Not in the sense of constant surveillance or diary-reading (had I kept a diary). But I had nowhere to retreat to. My bedroom would be charged into, sometimes without knocking, to check on me, to see if I was behaving, to inspect me; once we moved to a house where my room had a lock, if I actually used the lock I would get screamed at. So I locked my door regularly, but ... only when nobody was around to notice, or when I could listen to hear if someone was coming. Sometimes I toggled the lock but did not close the door. My space was in regular danger of disruption. Even the insides of my head were subject to rearrangement at her whim.

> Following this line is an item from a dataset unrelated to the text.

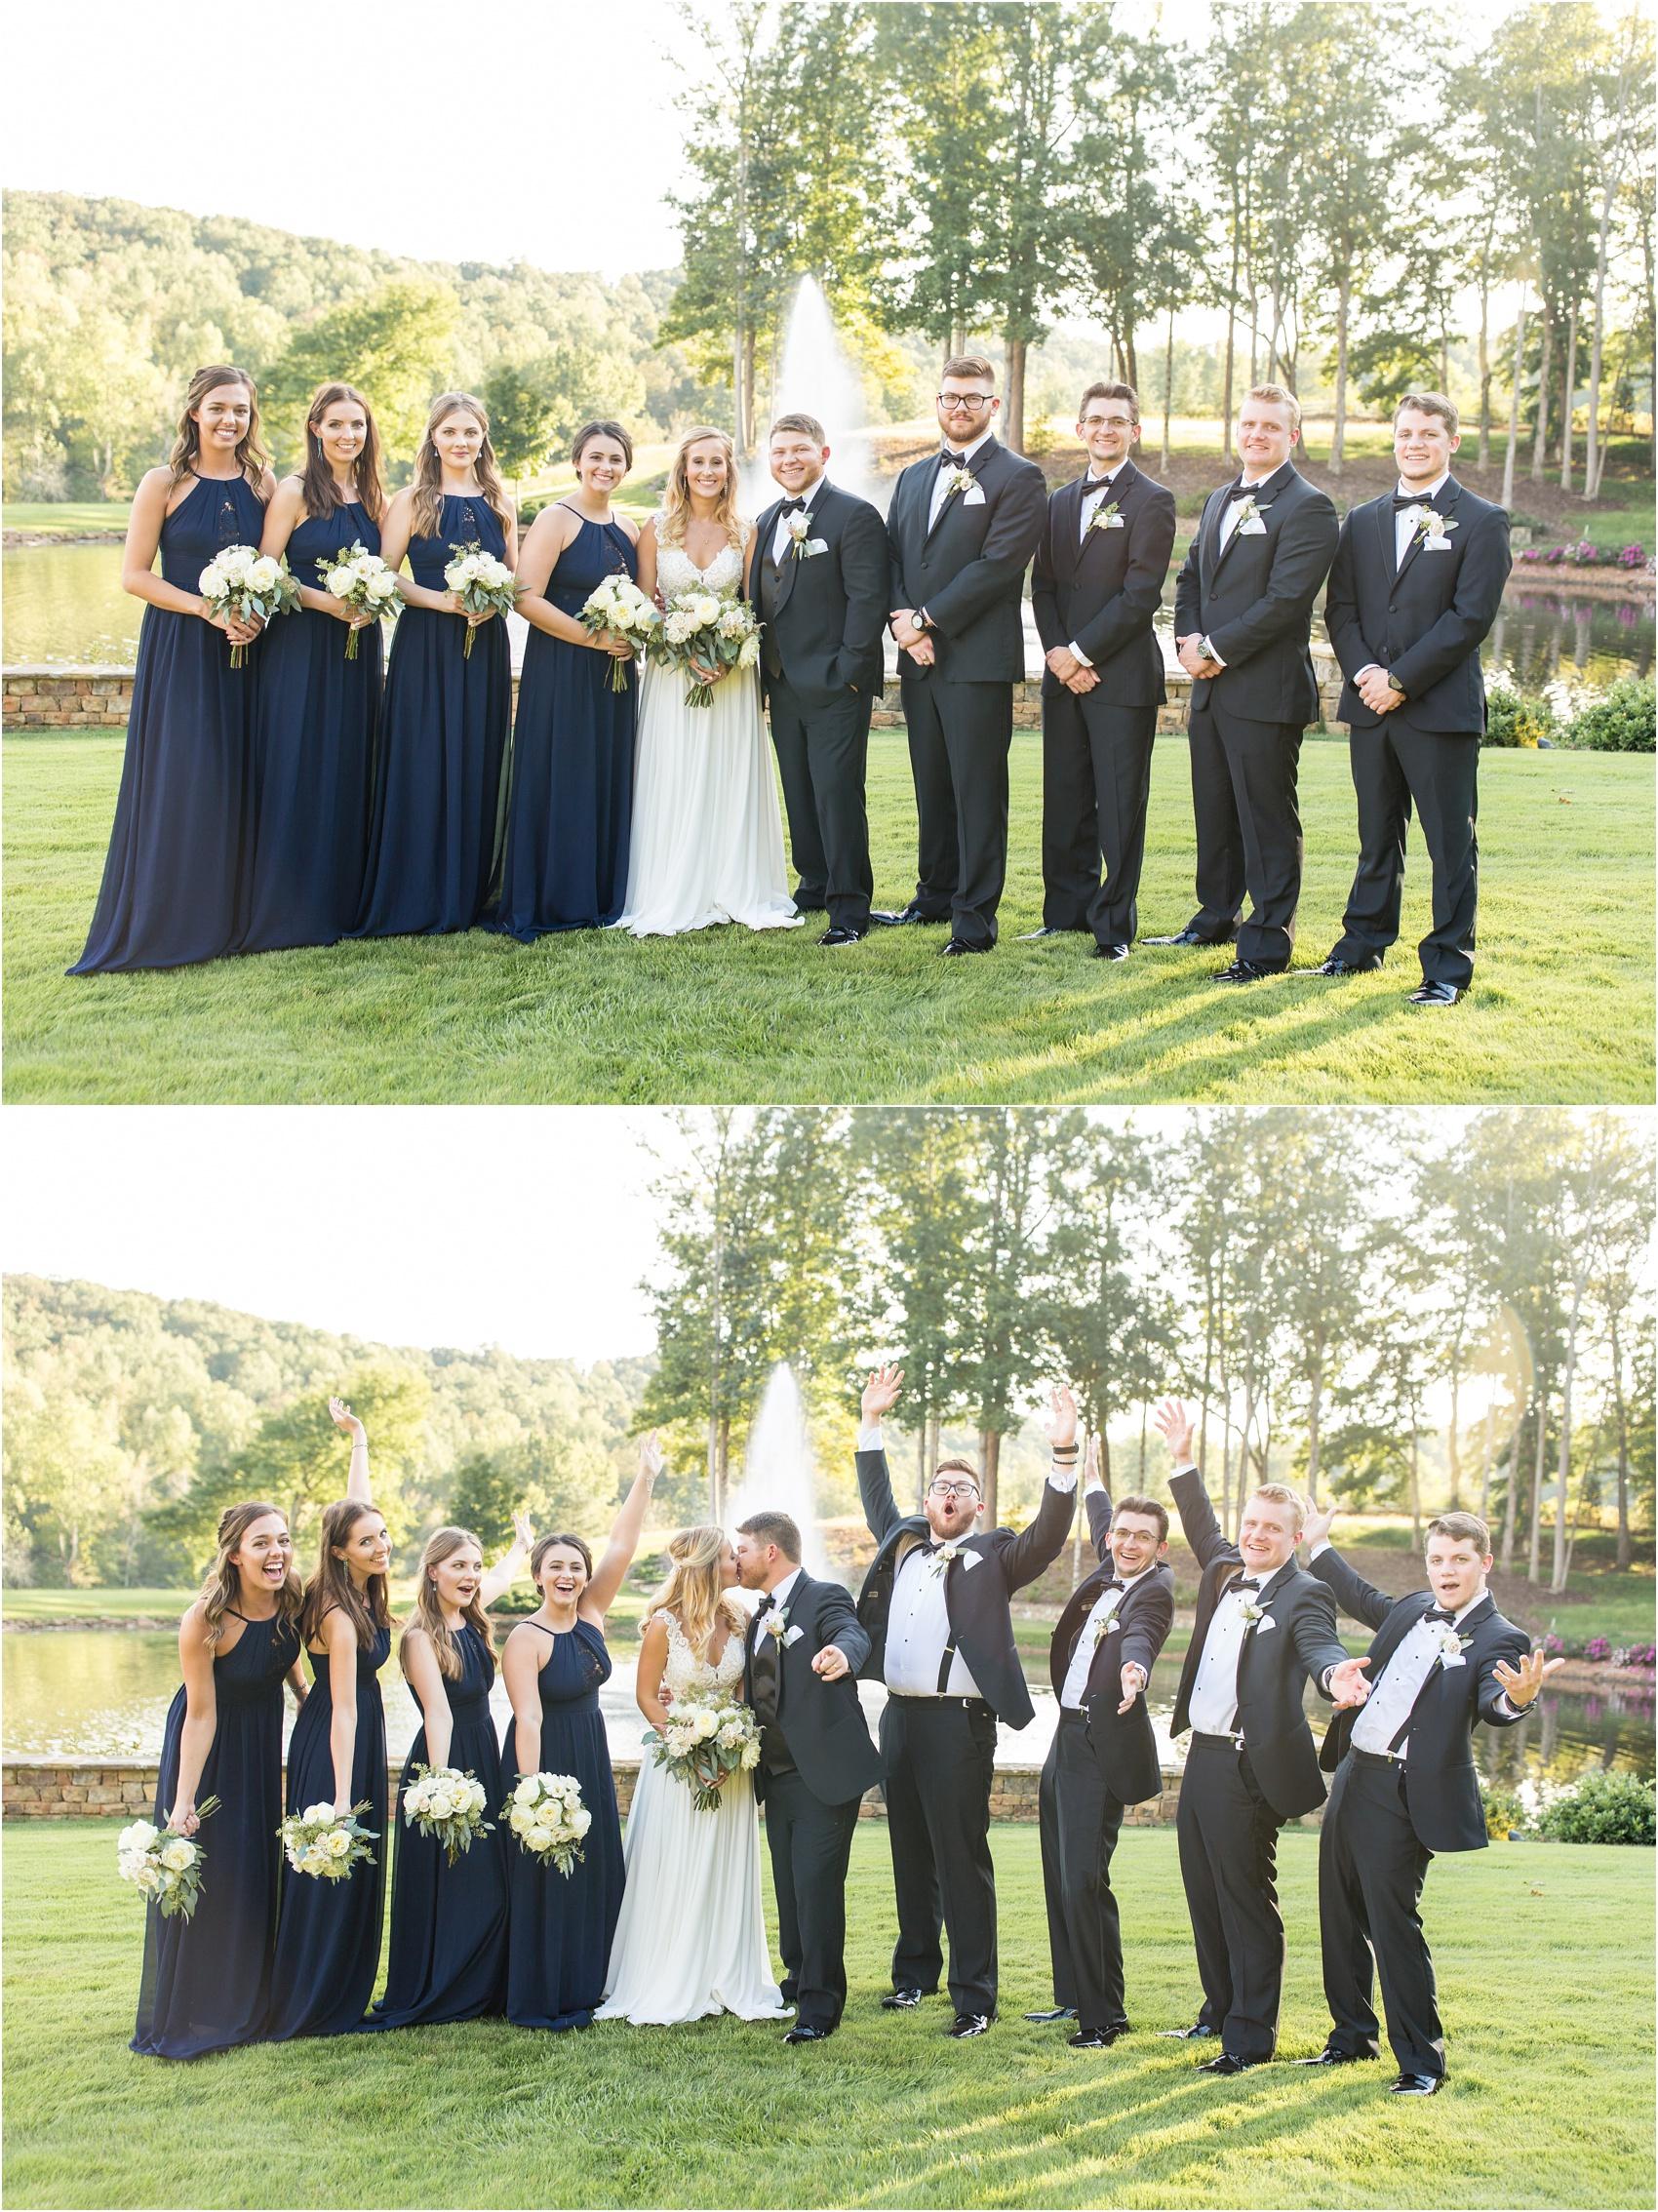 Savannah Eve Photography- Jurek-Woodworth Wedding- Sneak Peek-52.jpg
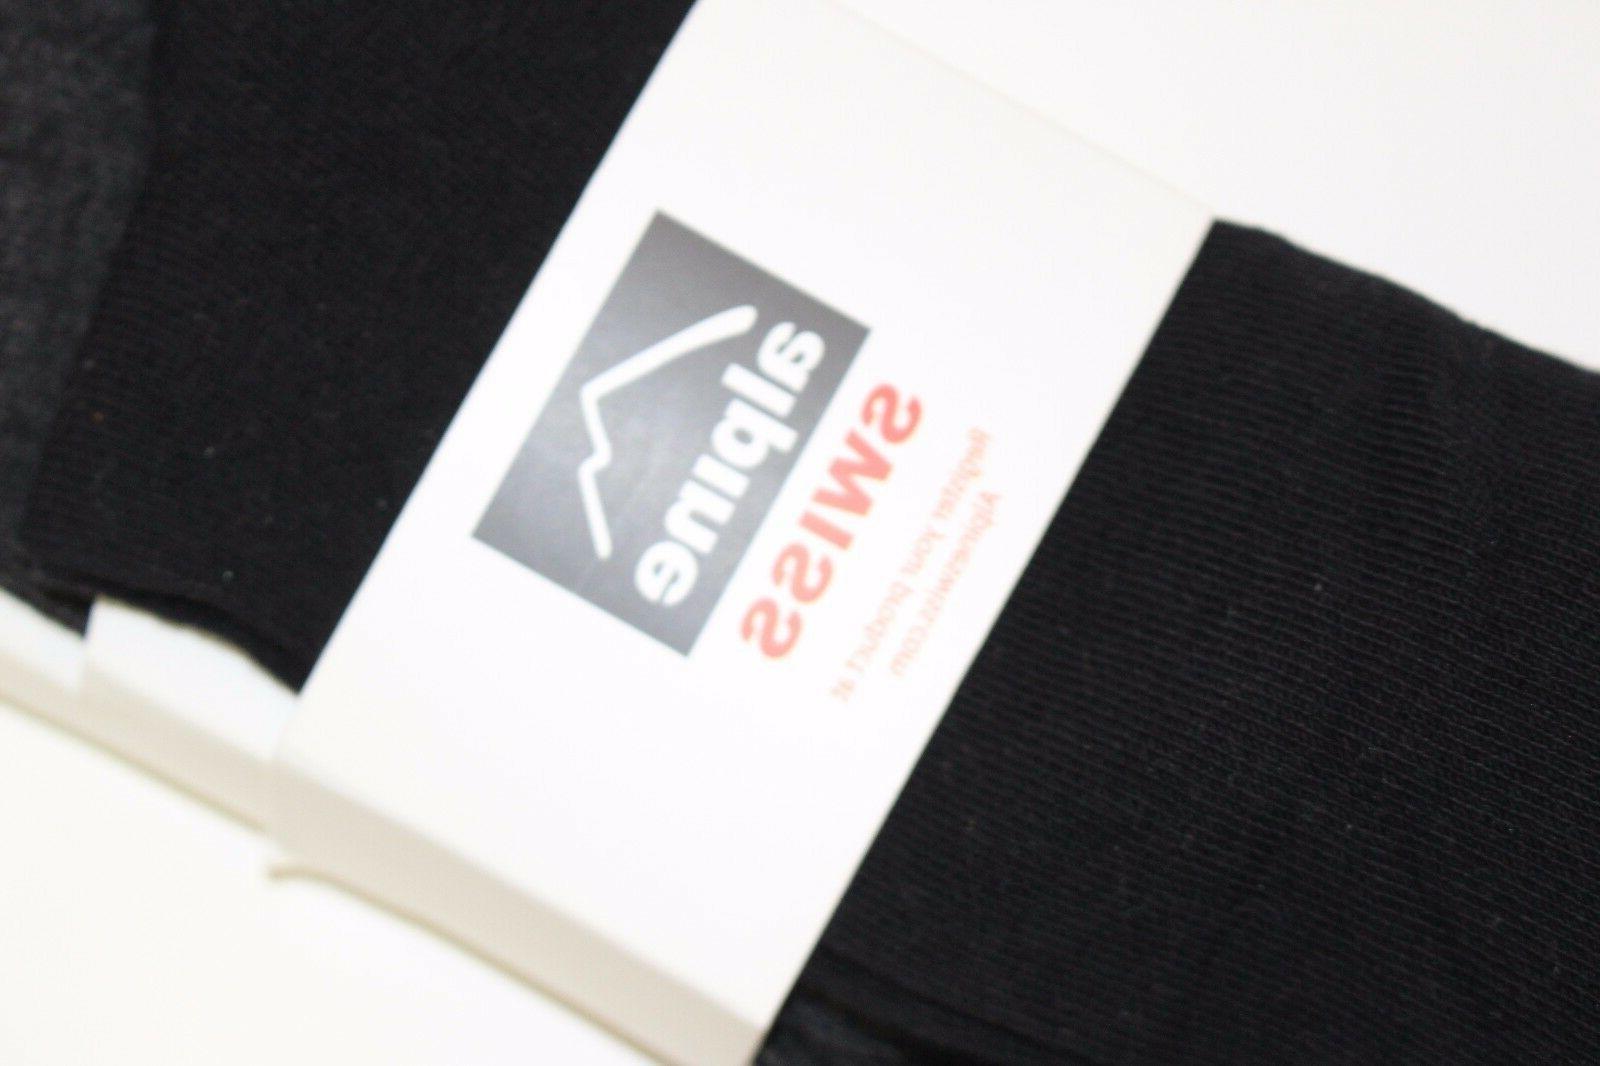 ALPINE SWISS PACK 10-12 BLACK CHARCOAL

One of my deepest expectations about interactions with others is that I do not have a safe retreat space. This deeply tainted my adolescent sexuality, though at least I had pre-pubescent sexuality that nobody interfered with because it's a cultural taboo to imagine that kids that age have sexualities.

(As I've developed a sense of boundaries, I've gotten touchier and touchier about people who want to co-opt my experiences and ignore my self in order to feed their own desires and narratives, which is one of the reasons Nine Deuce and her crowd's monstrous behaviour towards kinksters annoyed me so spectacularly.)

But I only ... just ... realised that I was set up.

That the positioning I have as pawn, as tool, as palimpsest for an agenda, that I fight against so damn hard, the stuff that feeds into my massive damage around privilege feminism, the stuff that leads to me thinking a lot about mechanisms of social control and how they show up, my generalised outrage at being rewritten ... was all carefully taught to me.

That maybe treating rape as normal came about because that was the lesson I was supposed to have learned.